DATASET EXCERPT |

=======

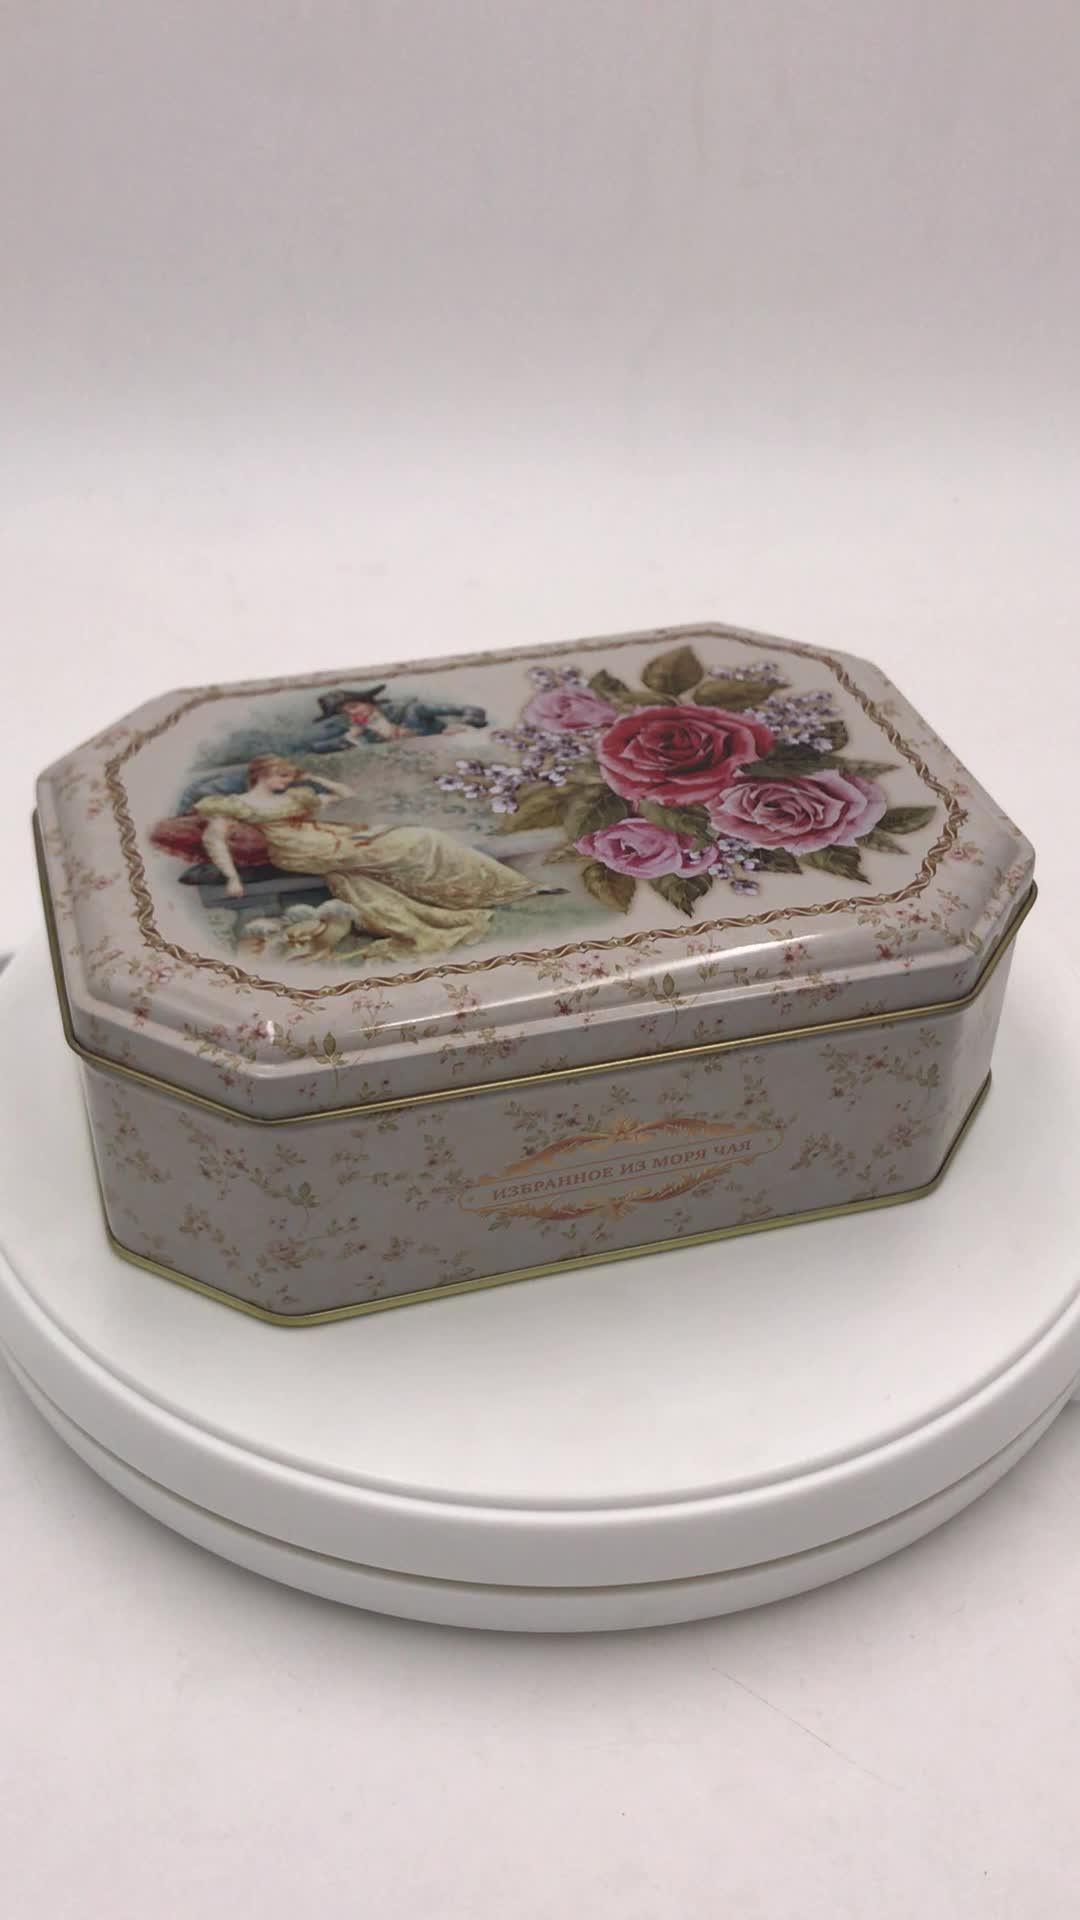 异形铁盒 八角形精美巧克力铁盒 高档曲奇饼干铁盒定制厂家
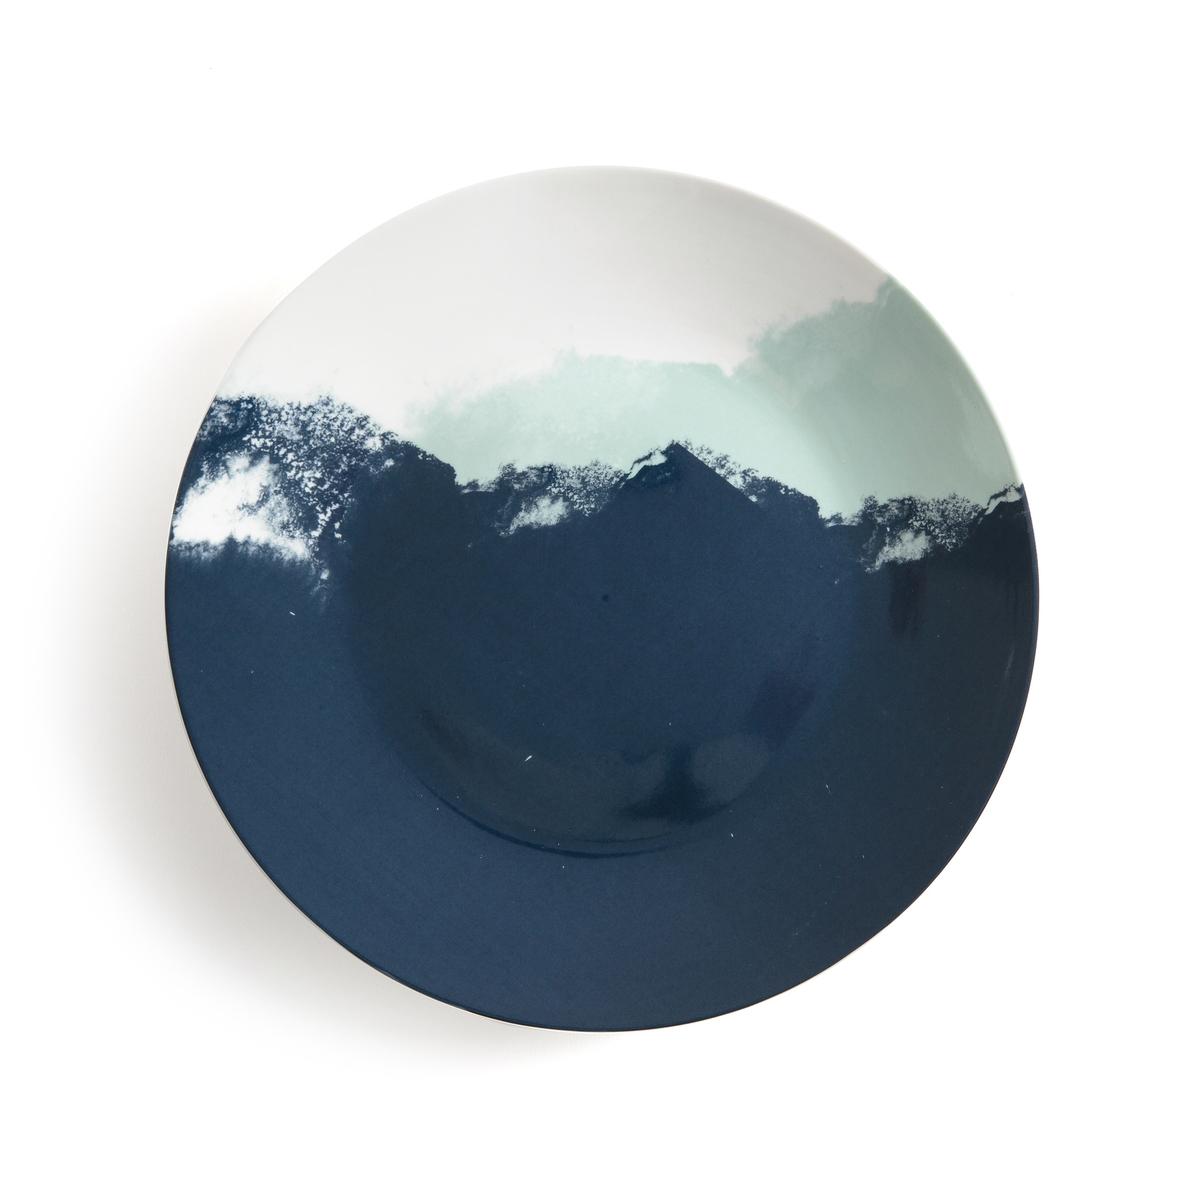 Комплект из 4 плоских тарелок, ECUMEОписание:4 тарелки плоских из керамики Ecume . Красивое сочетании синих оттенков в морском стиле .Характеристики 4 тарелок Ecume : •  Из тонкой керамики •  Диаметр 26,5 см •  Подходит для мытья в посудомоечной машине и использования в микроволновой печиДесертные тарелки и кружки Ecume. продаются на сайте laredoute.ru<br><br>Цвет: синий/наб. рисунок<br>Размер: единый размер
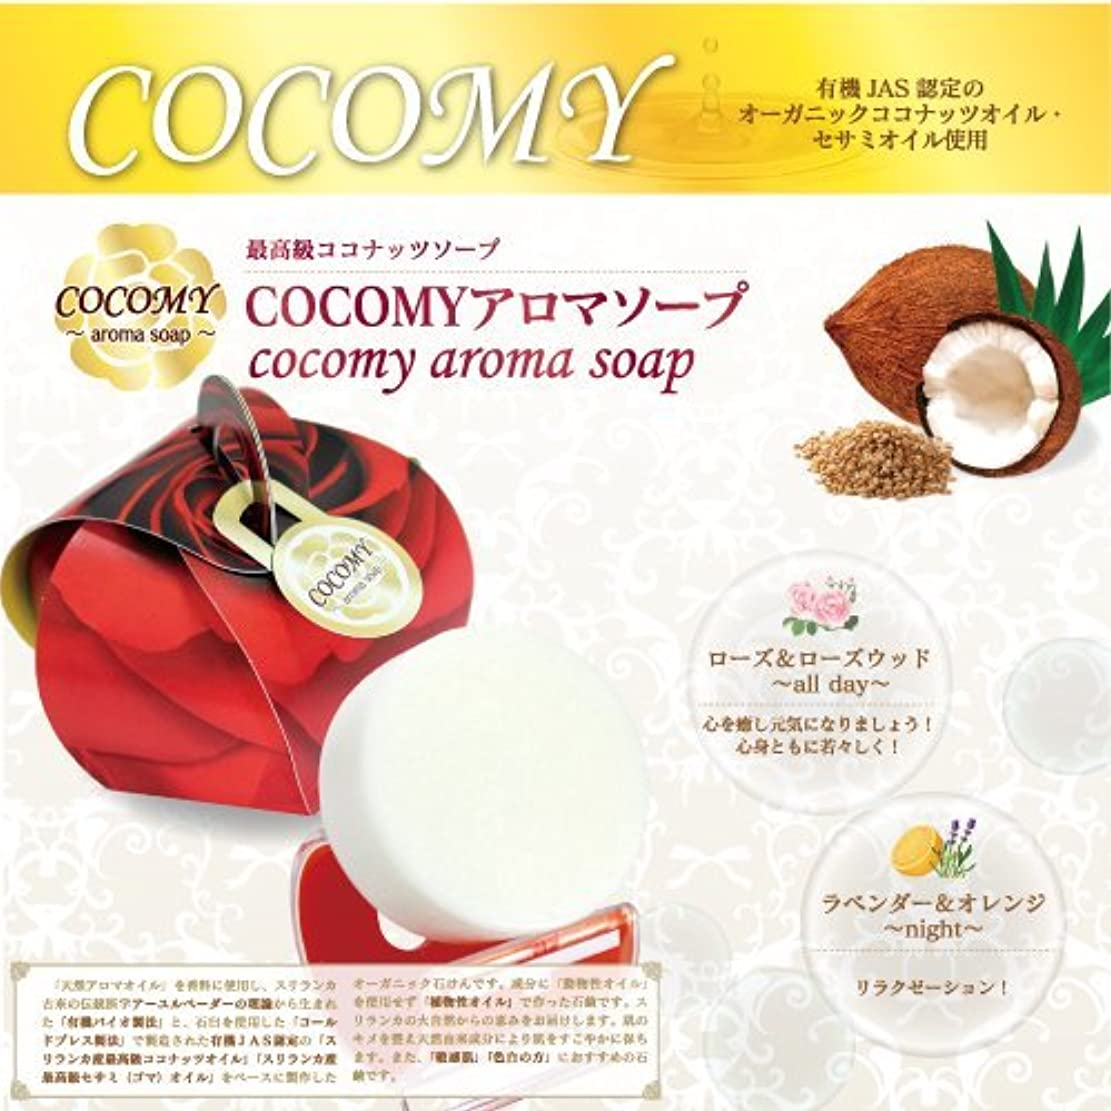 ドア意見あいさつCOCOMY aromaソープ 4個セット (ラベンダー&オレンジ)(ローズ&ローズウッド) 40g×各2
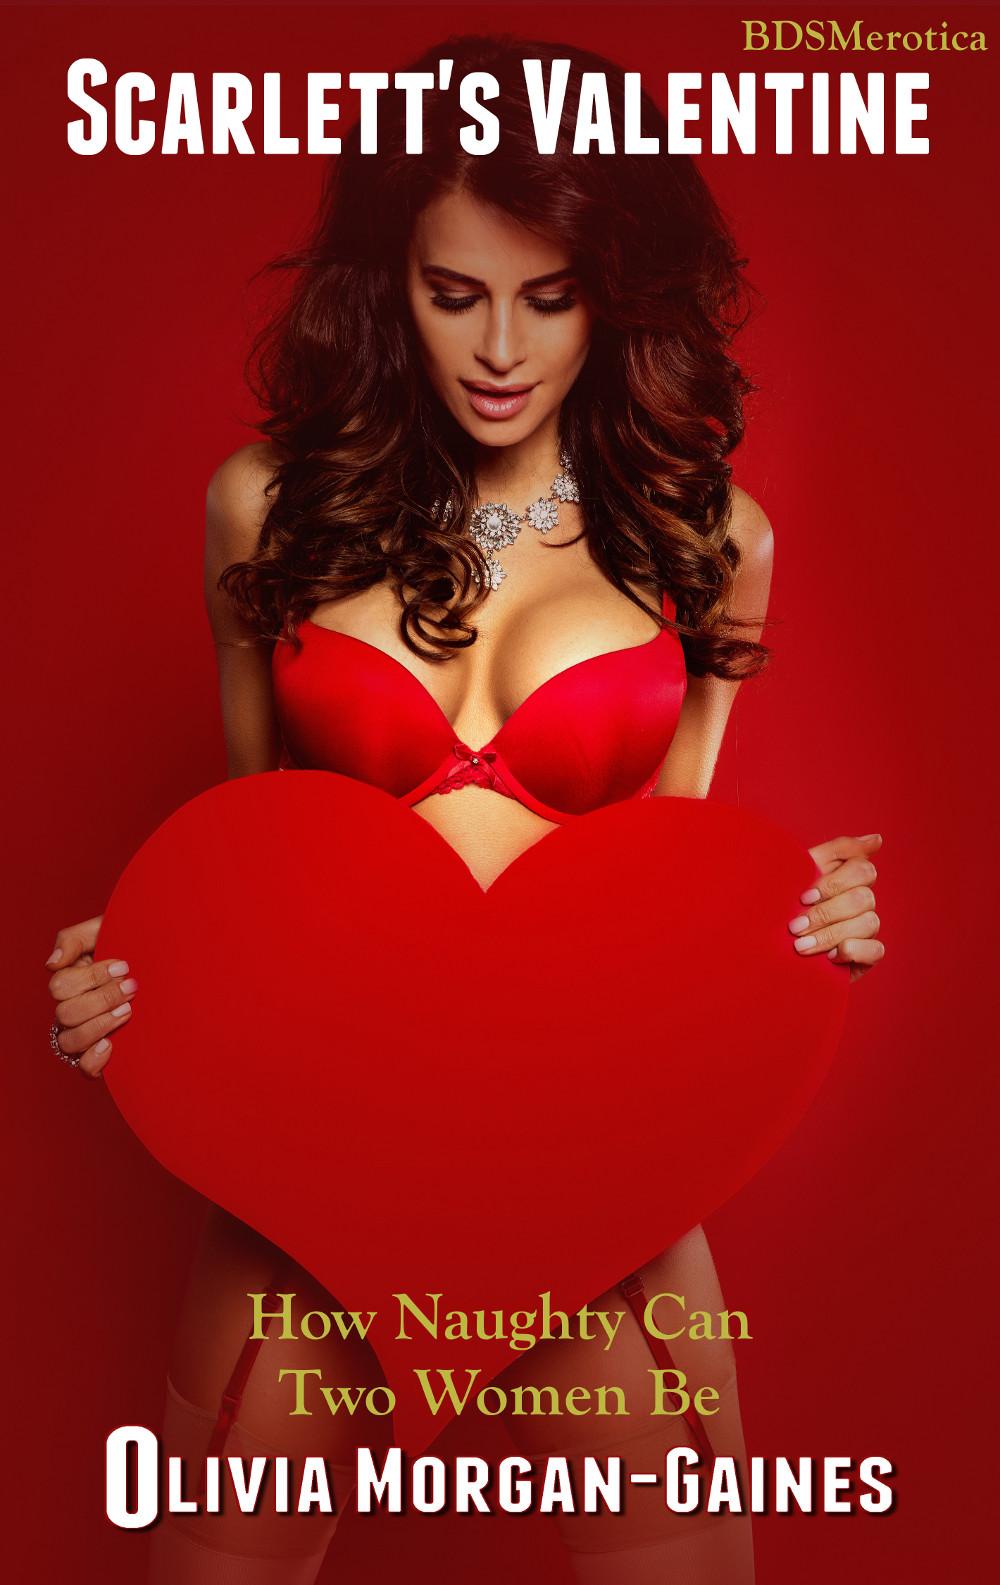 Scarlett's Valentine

=======

AIM OF THE TASK | Would you give again exactly the lines from the line containing "ドア意見あいさつCOCOMY aromaソープ 4個セット" through the end of the listing, both ends included, without any pictures?

EXERCISE ANSWER |
 ドア意見あいさつCOCOMY aromaソープ 4個セット (ラベンダー&オレンジ)(ローズ&ローズウッド) 40g×各2
 Scarlett's Valentine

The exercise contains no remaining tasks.